A 28 year old woman was referred to the oculoplastic and orbital service with a 1 week history of right sided ptosis and 6 weeks of right facial pain. Six weeks earlier she underwent evacuation of retained products of conception, following spontaneous vaginal delivery. Facial pain immediately ensued and her dentist extracted a right wisdom tooth, but the pain continued to worsen. The visual acuity was 6/9 right eye, 6/5 left eye, with complete right sided ptosis, total ophthalmoplegia, and a dilated unreactive pupil (fig 1A, B).
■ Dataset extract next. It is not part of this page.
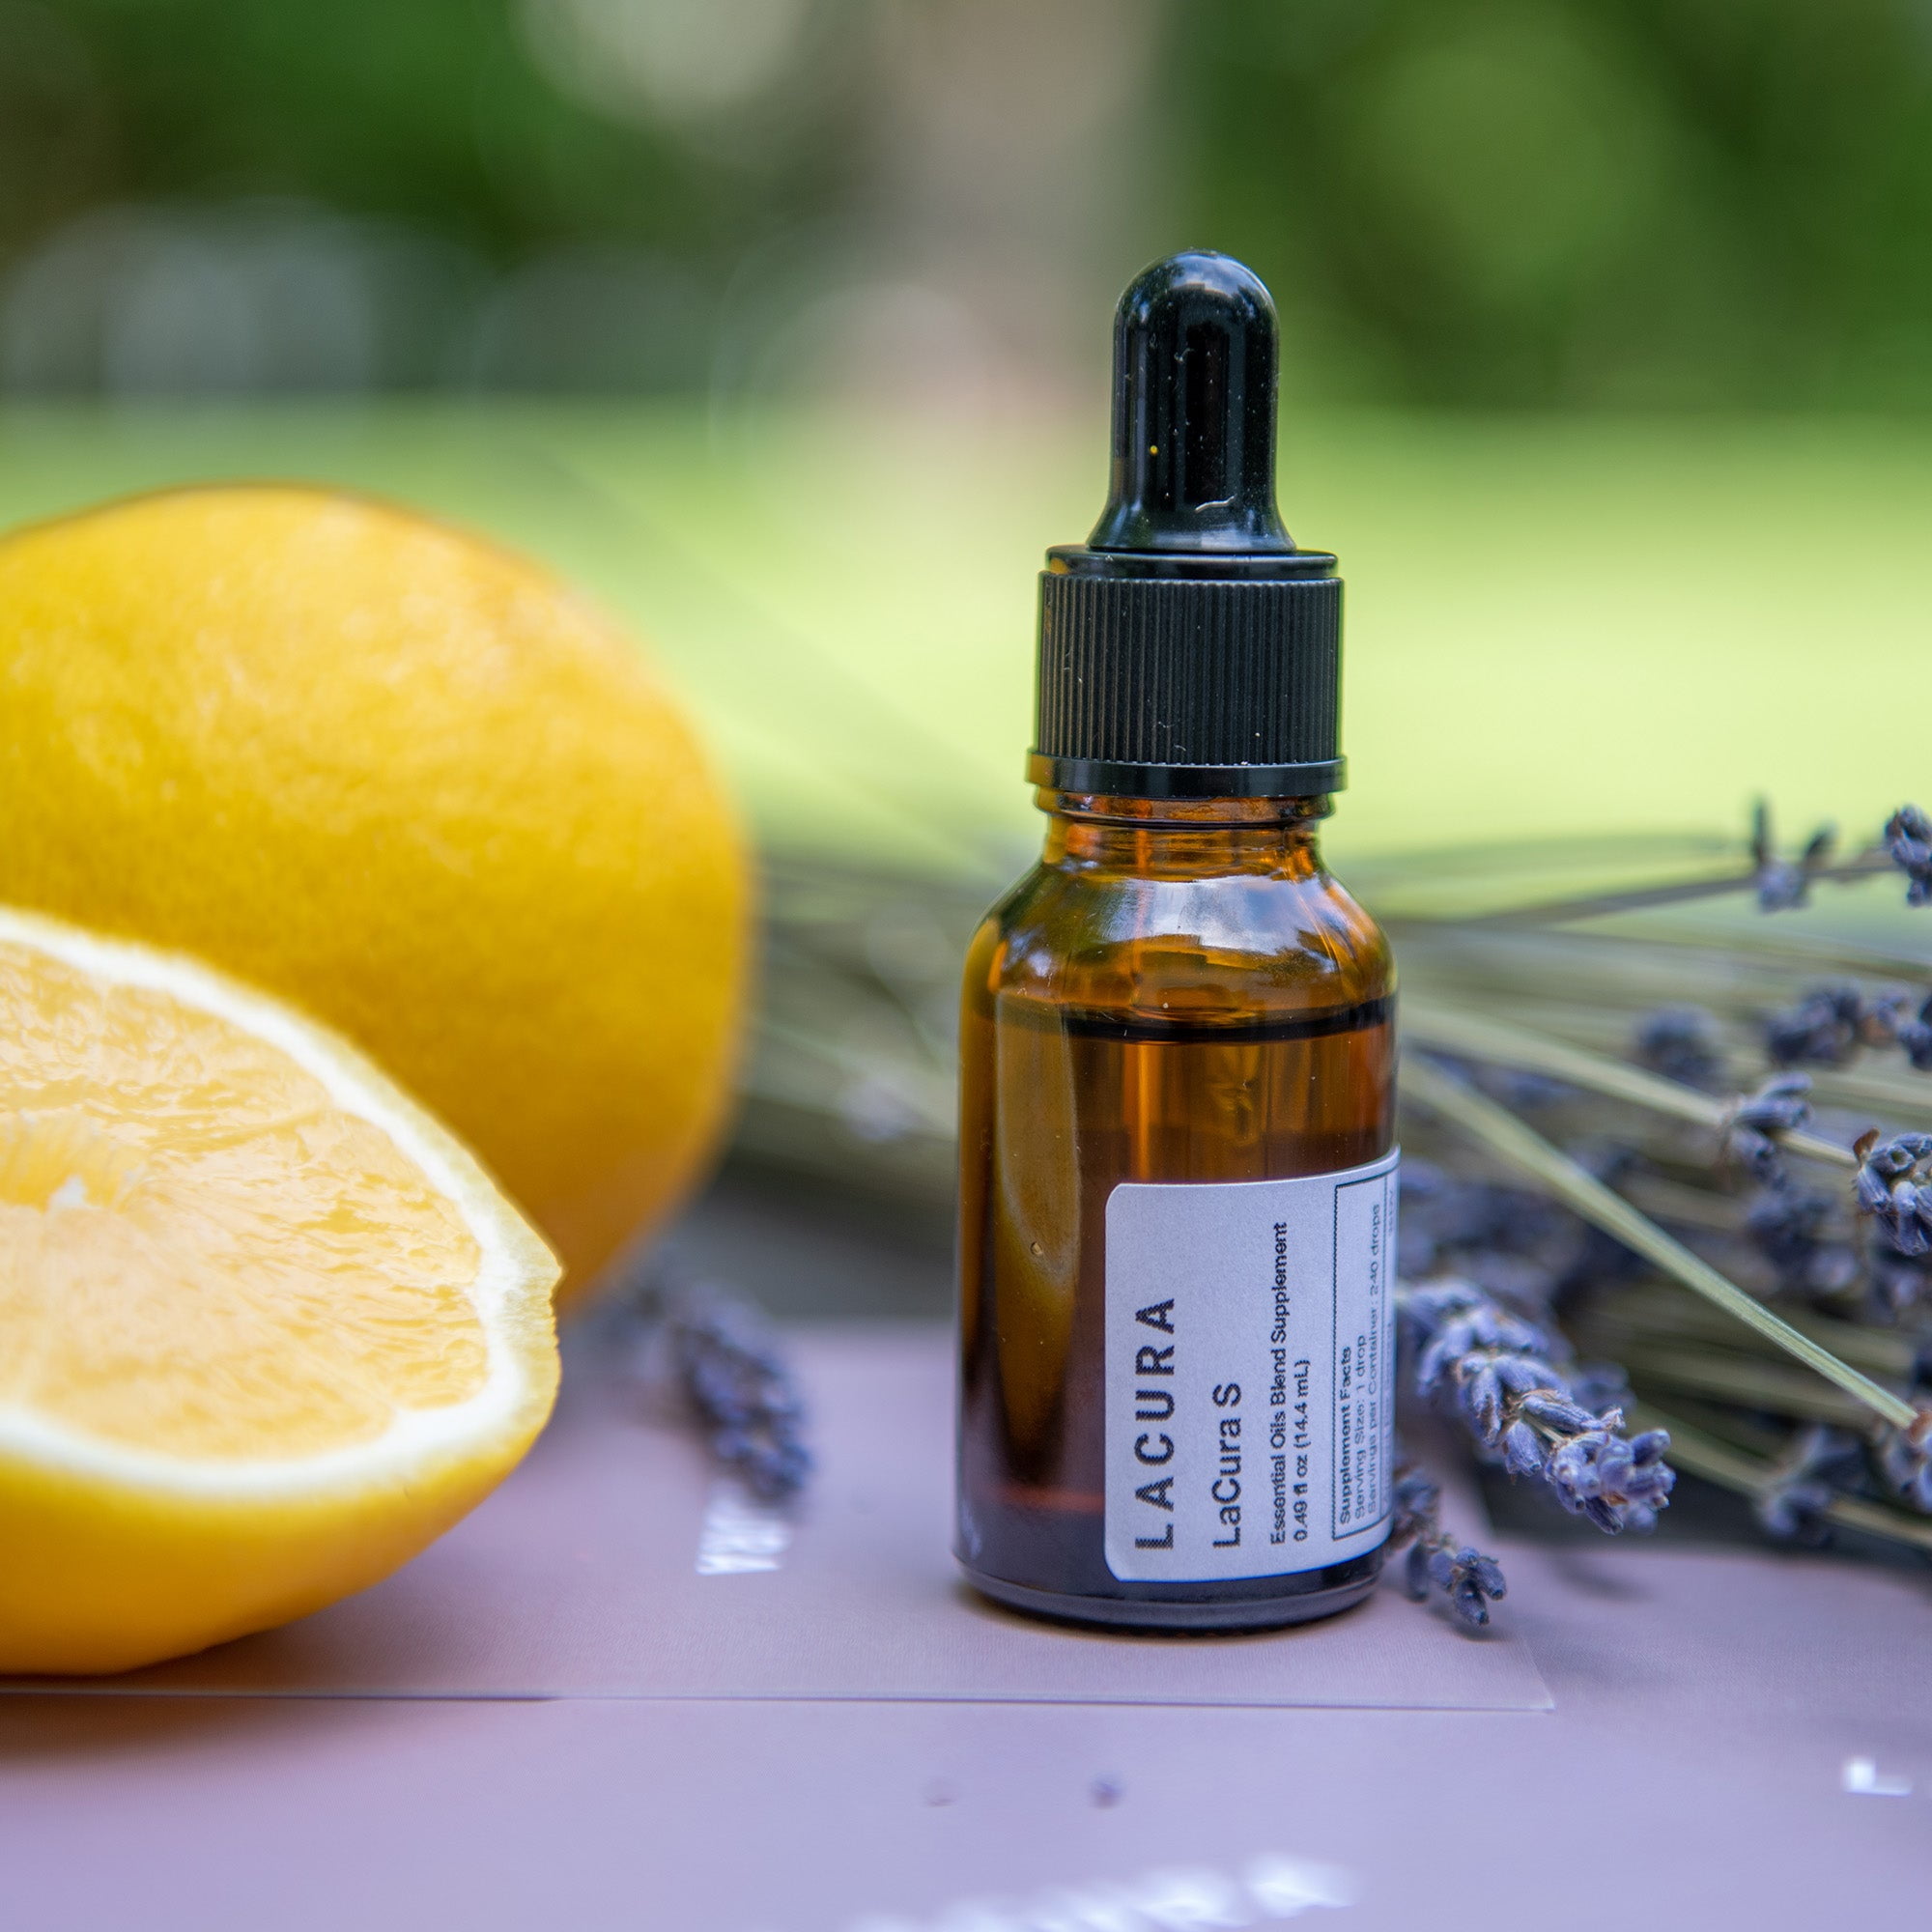 SpaRoom Aromatherapy 100% Pure Undiluted Essential Oil, Revive Lemon  Verbena Blend, 30 mL

Reduced sensation in the distribution of right trigeminal branches V1 (including cornea) and V2 was noted. There was no relative afferent pupillary defect, visual field or colour vision defects, or proptosis.

Figure 1

 (A, B) Right sided complete ptosis, fixed dilated pupil, and total ophthalmoplegia. (C, D) Axial and coronal post gadolinium T1 MRI brain scans, showing enhancing right cavernous sinus mass extending to right temporal lobe surface. Arrows illustrate tumour location. (E, F) MRI scans 6 months after chemotherapy, showing reduction in tumour size. Reproduced with permission.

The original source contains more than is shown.